Le lotus, tel est le thème de la photographie portant le numéro 111 de l’album numérique de Stéphane Spach. L’image n’a rien de paisible. De pédoncules plus ou moins hauts, surgissent des fleurs fanées – sauf une -, les pétales se tordant, flétris, gagnés par la fanaison. Quelques-uns sont tombés dans l’eau du vase, d’autres sur le support gris clair. Une grande feuille de lotus se déploie, inclinée vers la gauche, nervée de jaune, de vert et de roux.
Je crains de n’avoir jusqu’ici retenu que le paraître des images de Stéphane Spach, en un mot : leur beauté. C’est faire l’impasse sur la charge de tristesse, le sentiment d’abandon qu’elles véhiculent parfois. A l’égal de ces rêves qui, au fur et à mesure que le moment du réveil s’éloigne, passent de quelques maigres repères confus mais encore présents, à leur effacement total. Ce quelque chose qui nous hante tout en s’enfonçant peu à peu dans les sables de l’oubli. C’est ainsi que s’explique à mes yeux ce passage subtil de la couleur à ce noir et blanc qui opère ici à la manière d’un sous-entendu.
Roland Recht
Stéphane Spach glane et collecte.
Il soustrait le décor, fixe, et répète.
Si la répétition fait voir la nécessité de la soustraction, elle a cependant pour autre vocation de ne pas confondre la singularité de l’objet avec l’idéalité de sa forme.
Ces gestes relèvent d’une poétique du taxon.
Paradoxalement, ce n’est jamais le même qui se répète.
Plutôt, l’insistance de la variation.
Stéphane Spach soustrait le décor ou alors n’en plante un que pour mieux révéler les contours et la matérialité nue de l’objet.
Il s’agit presque toujours de délier l’objet, de le dégager de ses liens, afin de (le) faire voir autrement (de faire sentir, toucher autrement, car ces objets ainsi saisis sont pleins d’entailles, de plis et d’éraflures).
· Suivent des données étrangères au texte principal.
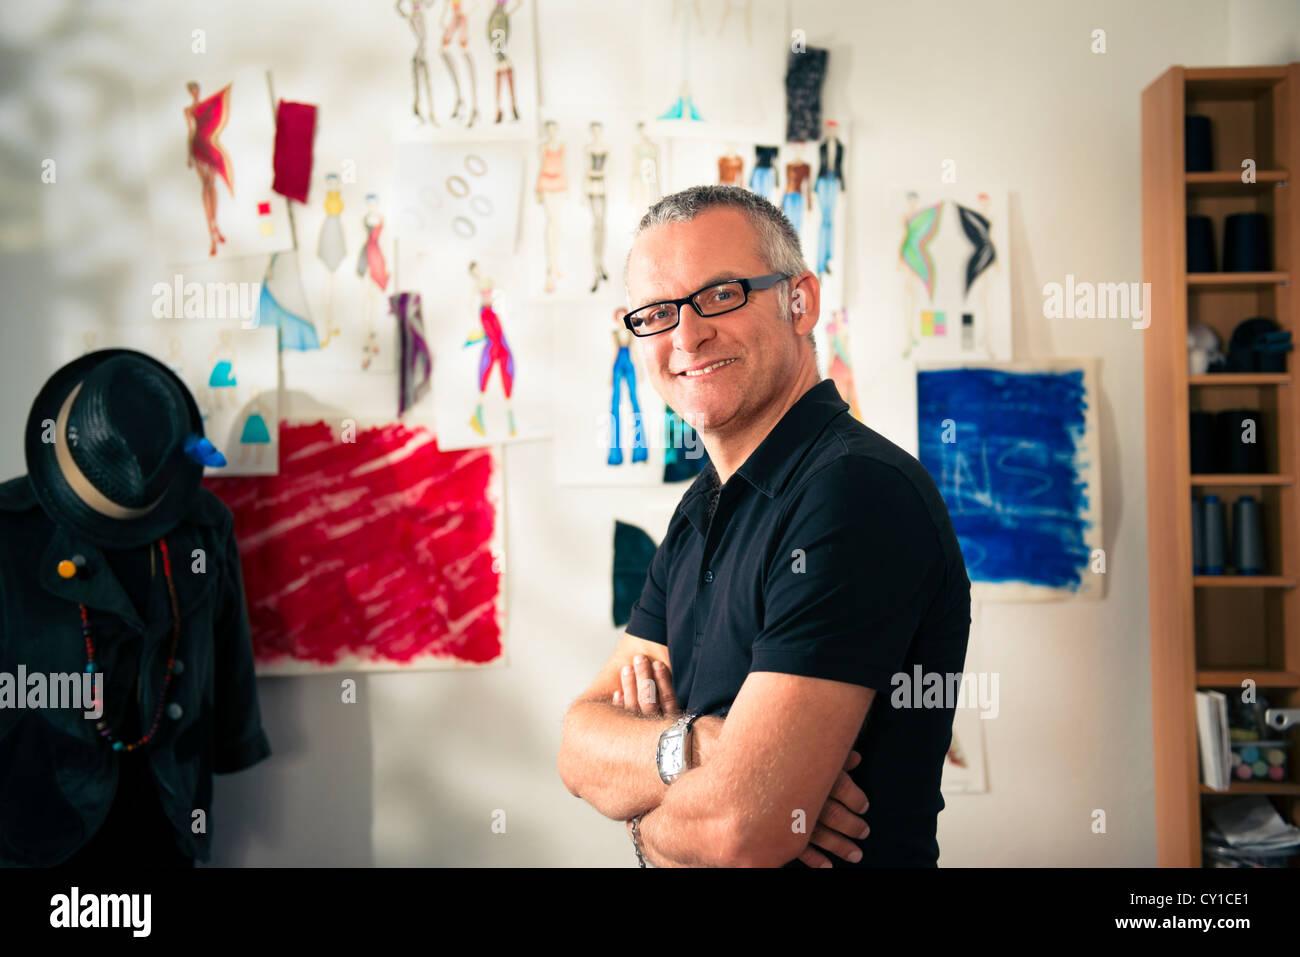 Confident entrepreneur, portrait of happy mature man working as fashion designer and dressmaker in atelier - Stock Image

Alors, la familiarité – ou l’absence – des relations qu’avec lui nous entretenions se met subrepticement à vaciller.
Unheimlichkeit: le familier inquiète, et c’est par là qu’il suscite, qu’il oblige presque, l’attention.
L’attention particulière qu’il déploie lorsqu’il saisit (capture) des paysages n’est qu’un autre versant de ce travail qui s’attache à produire le cadre d’une célébration de l’ordinaire.
Une banalité – des lieux, des éléments qui les composent-, qui se situe au seuil de nos regards familiers, de leur absence ou de leur effacement.